Racoons have rings around their tails and a habit of washing their food in water
before eating it. Suppose that both of these traits are controlled via incomplete
dominance so that wide bands on the tail are BB, medium sized bands are Bb,
and narrow bands are bb and that washing all their food is WW, washing some
of their food is Ww, and washing no food is ww. How many of each genotype
will be in the F1 generation resulting from a cross of two racoons, both with
medium sized tail bands and that wash some of their food (assume 16)
6. A very common phenotype used in questions about codominance is roan fur in
cattle.
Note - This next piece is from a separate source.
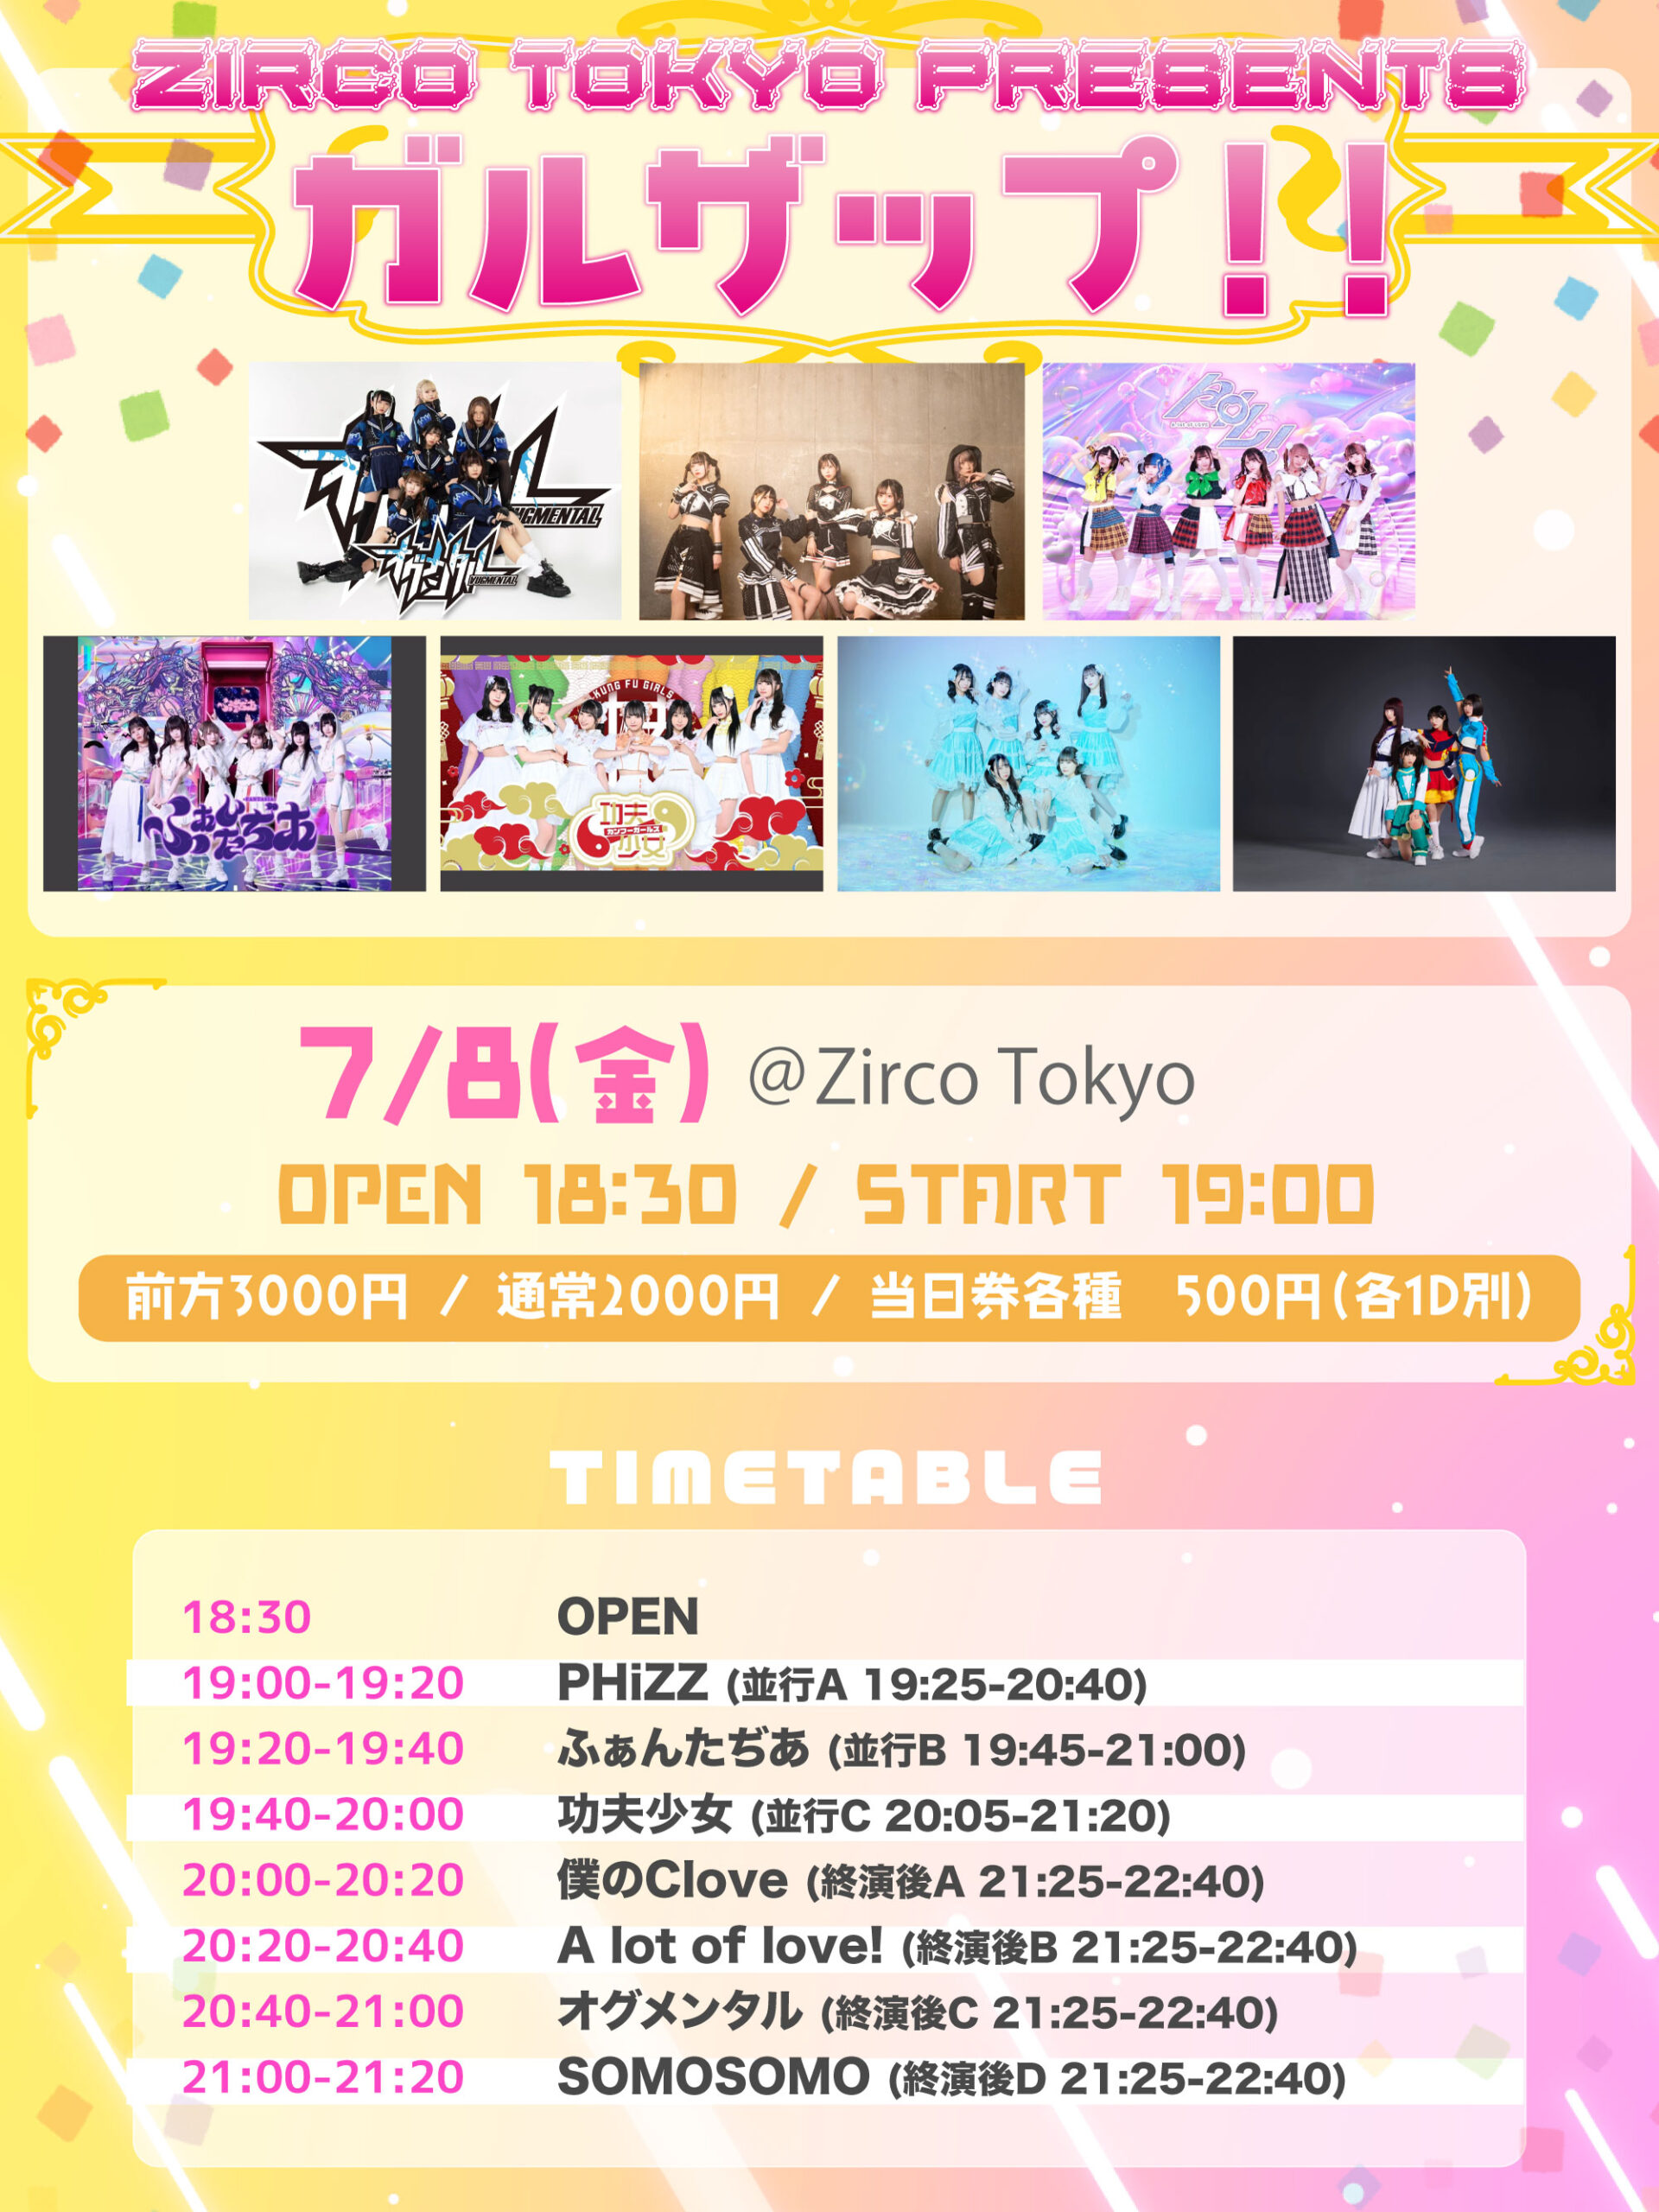 Zirco Tokyo Presents ガルザップ!!

Cattle can be red (RR = all red hairs), white (WW = all white hairs), or roan
(RW = red & white hairs together). A good example of codominance. (the
picture below is a bull with red and white)Yet the polled condition ”P” (hornless)
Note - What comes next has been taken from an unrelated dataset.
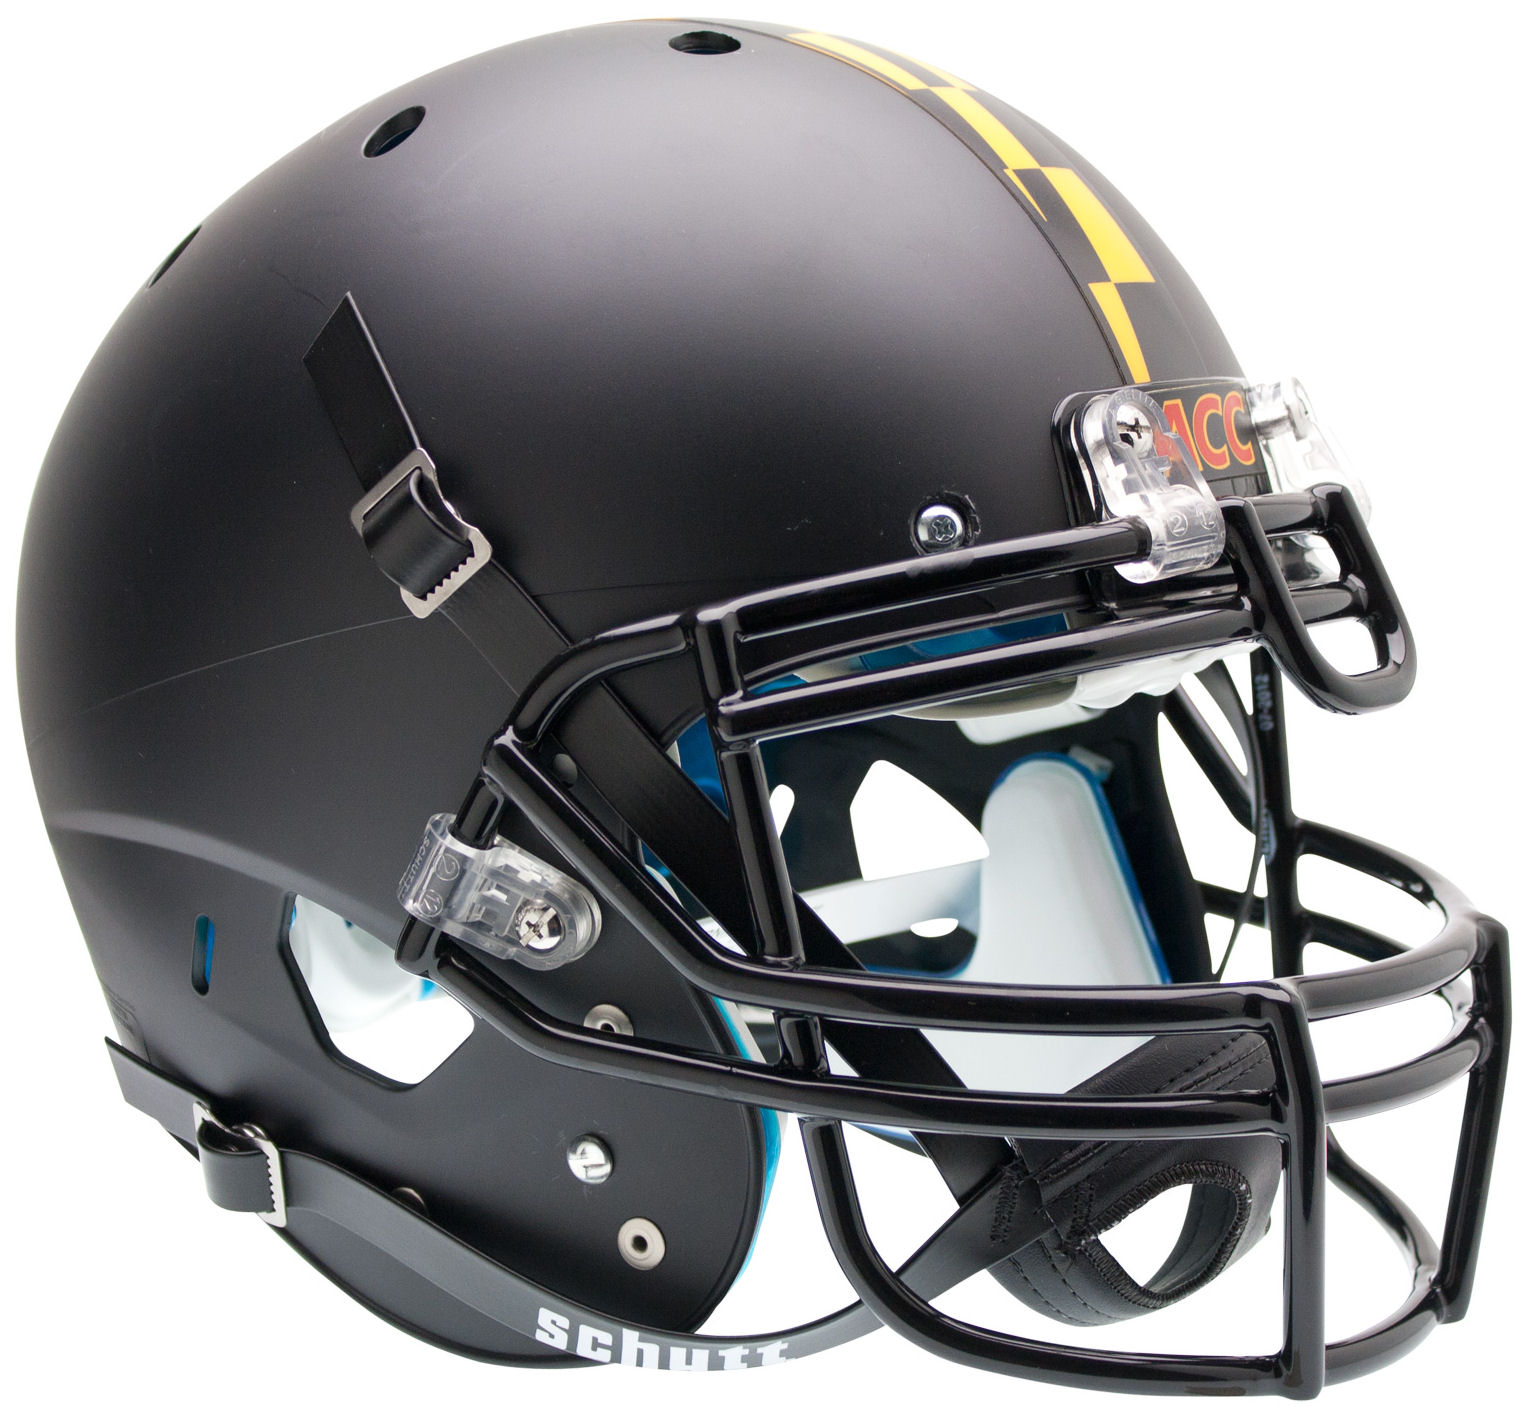 Maryland Terrapins Authentic College Xp Football Helmet Schutt Matte Black

is completely dominant to the a horned “little p” condition. A polled roan bull
bred to a horned white cow produces a horned roan daughter. If this daughter
is bred to a heterozygous polled roan bull, what offspring may be expected?
(Order your genotypes horns first then coat color second) Could the same result
be expected from a cross between a polled roan PpRr cow and a polled white
Pprr bull? Make sure that you show your work!
7.
In gnus, the gene G controls an even disposition, and its recessive allele, g,
controls a bad disposition. Thus, there are good gnus (G-) and bad gnus (gg).
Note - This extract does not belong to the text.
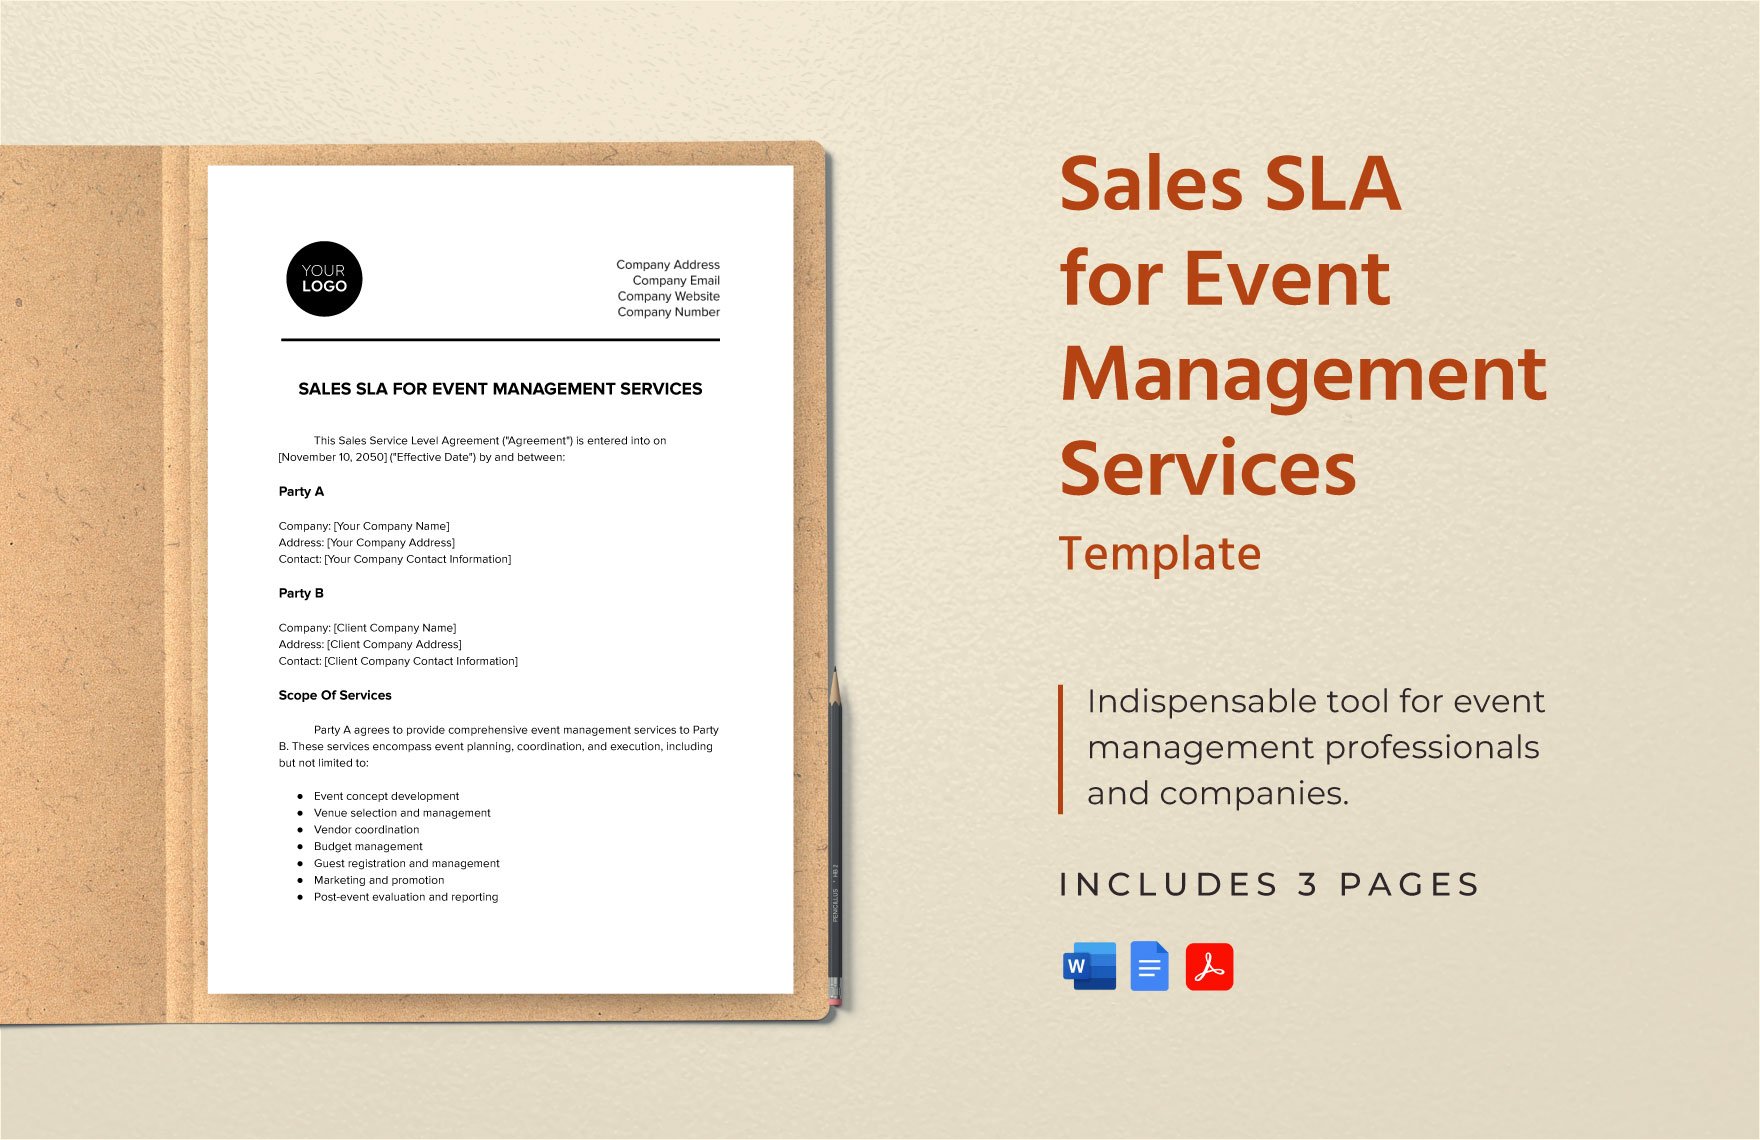 Sales SLA for Event Management Services Template

A lethal gene, d, kills the developing gnu while it is still an embryo. Thus, the
genotype dd would represent no gnus. Two good gnus, each of the genotype
GgDd, are mated. Their first offspring is born, and the zoo keeper speculates on
the probability that it possesses exactly the genotype of its parents.
a. What probability percentage would you give him?
b. There is a third gene of interest in gnus, skin texture, which follows
incomplete dominance. The phenotypes are smooth (SS), jagged
sandpaper (PP) and the heterozygous condition is rough (it feels like the
painted concrete walls within your school) What would occur if a tolerant
male gnu that is heterozygous for all three characteristics (he was
genetically tested) was crossed with a female that is bad tempered with
sandpaper skin. ( a coarse person, in all aspects- haha)
i. If they mated and two of their offspring died in utero, what are the
genotypes of the P1 generation?
ii. What is the probability of the above cross not producing a baby in
their next mating?
iii. What is the probability of producing baby gnus with good
dispositions and rough skin?
8.
In poultry, rose comb and pea comb patterns are produced by the dominant
effect of two different genes. The recessive nature of both these alleles
produces single comb. But in the cross between rose combed and pea
combed fowls, a new type known as walnut was also produced along with rose,
pea, and single in a 9:3:3:1 ratio.
a. What is the type of heredity used in this example?
b. What are the genotypes of the P1 generation?
c. If four walnut hens are crossed to a single combed male rooster and each
produces a large number of chicks. The first produces only walnuts, the
second produces only walnuts and peas, and the third produces only
walnuts and rose and the fourth produces among other types single also.
Give the genotypes of each of the four walnut hens.